■ WORK REQUEST
Omit every picture and return the rest of the data unaltered.

■ SUPPLIED MATERIAL
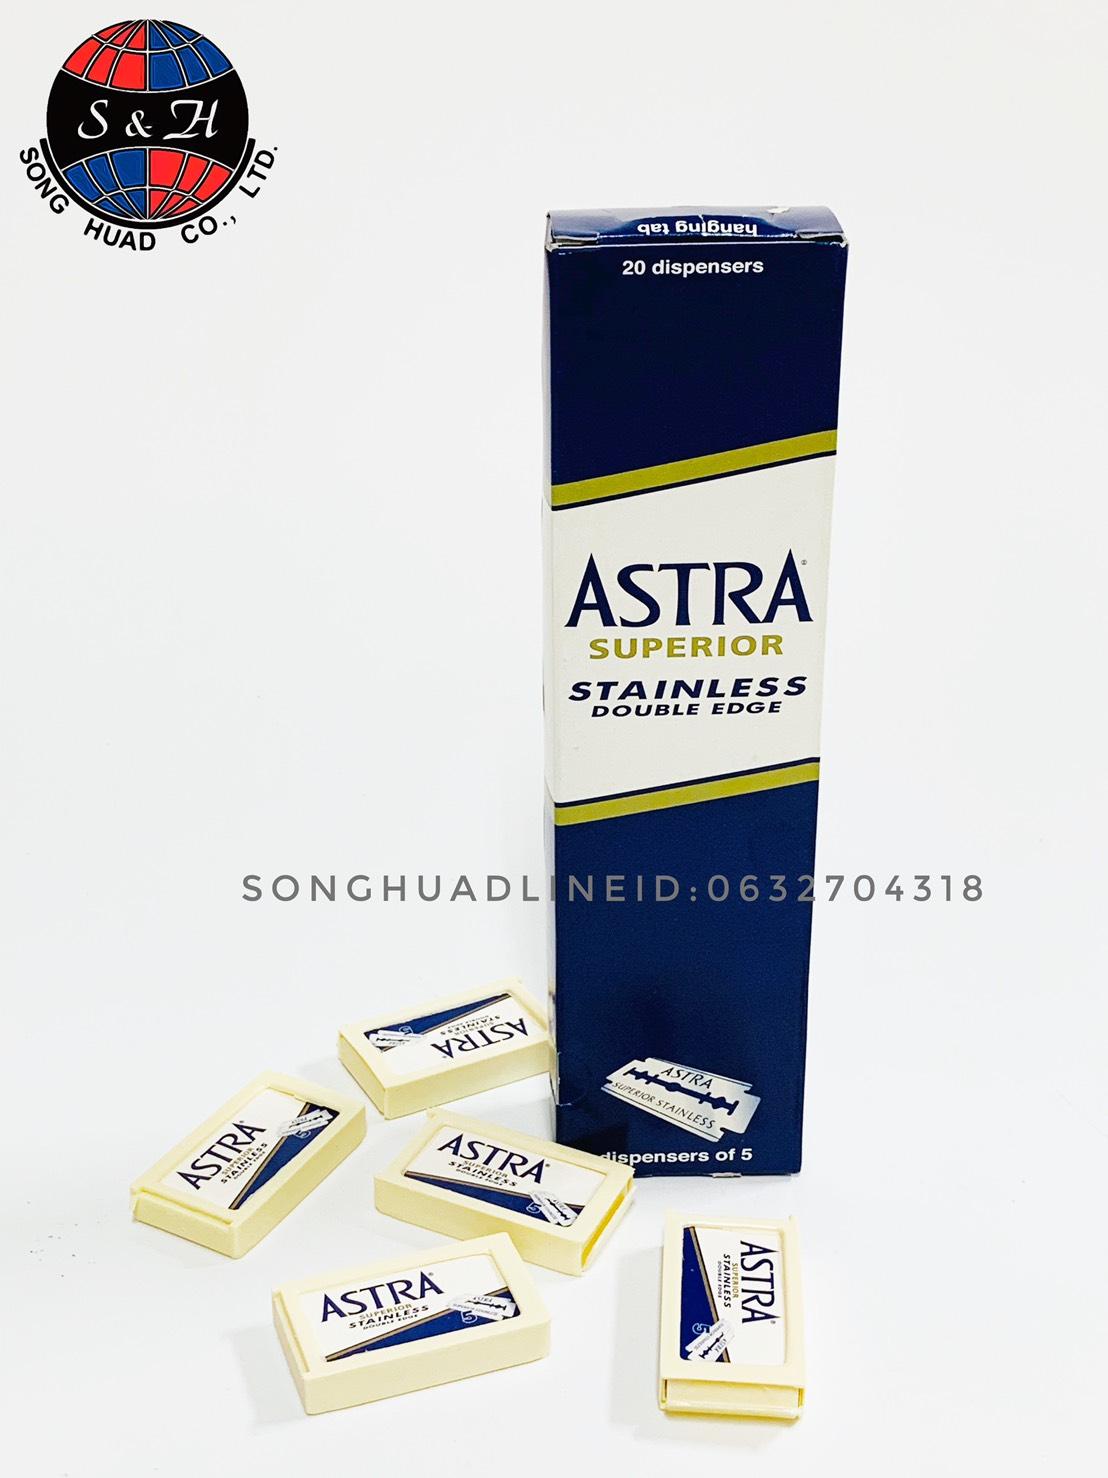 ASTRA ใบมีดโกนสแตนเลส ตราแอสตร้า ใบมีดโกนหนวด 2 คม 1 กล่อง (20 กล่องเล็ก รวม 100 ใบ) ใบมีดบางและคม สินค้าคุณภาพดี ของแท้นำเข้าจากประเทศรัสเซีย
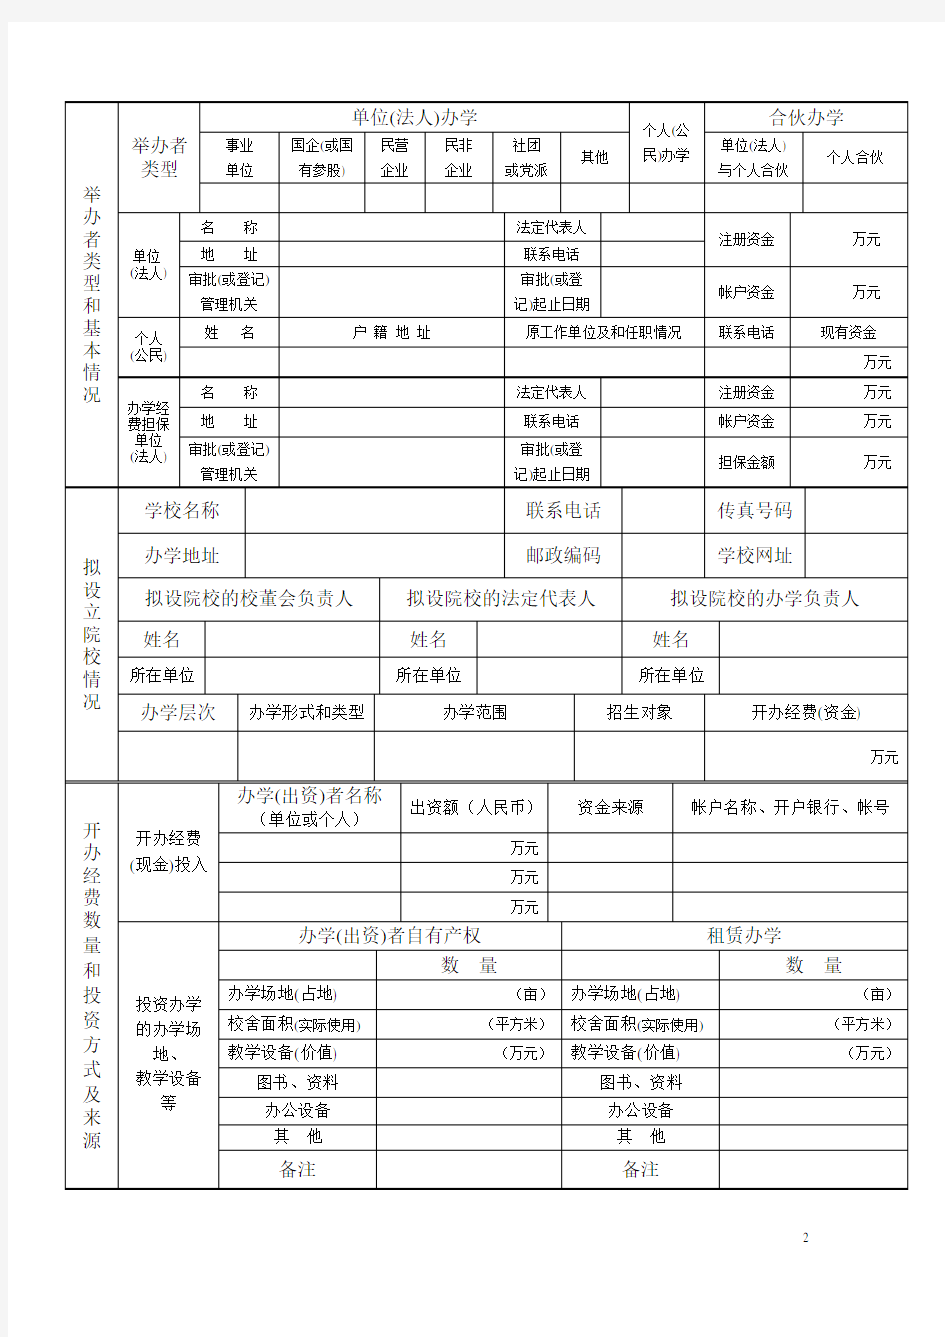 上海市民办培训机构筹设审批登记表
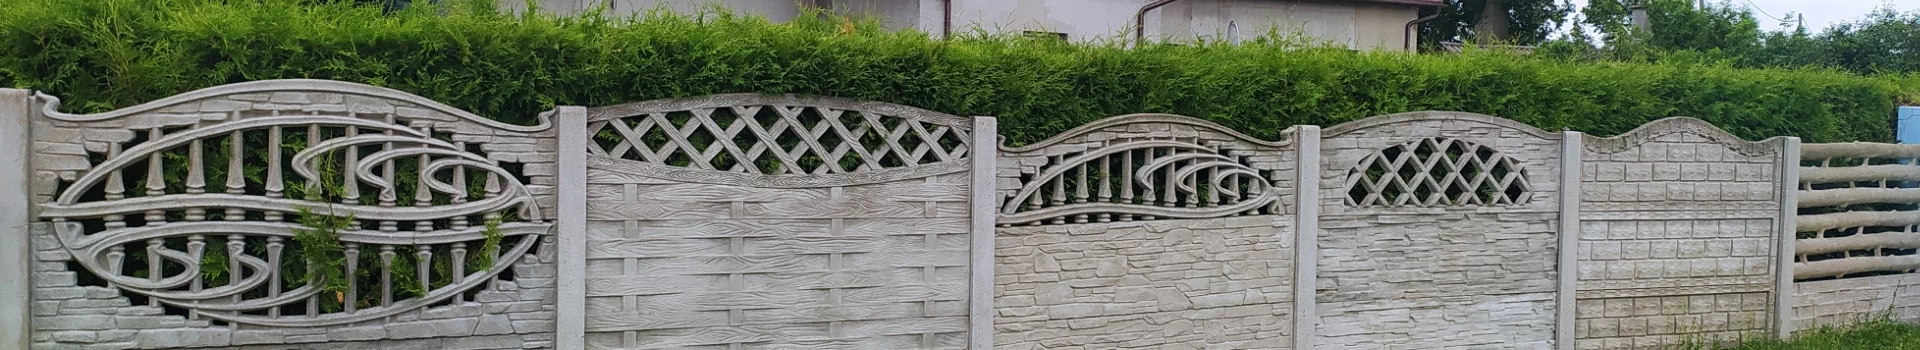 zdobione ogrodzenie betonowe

■ EXERCISE RESULT
 ASTRA ใบมีดโกนสแตนเลส ตราแอสตร้า ใบมีดโกนหนวด 2 คม 1 กล่อง (20 กล่องเล็ก รวม 100 ใบ) ใบมีดบางและคม สินค้าคุณภาพดี ของแท้นำเข้าจากประเทศรัสเซีย
 上海市民办培训机构筹设审批登记表
 zdobione ogrodzenie betonowe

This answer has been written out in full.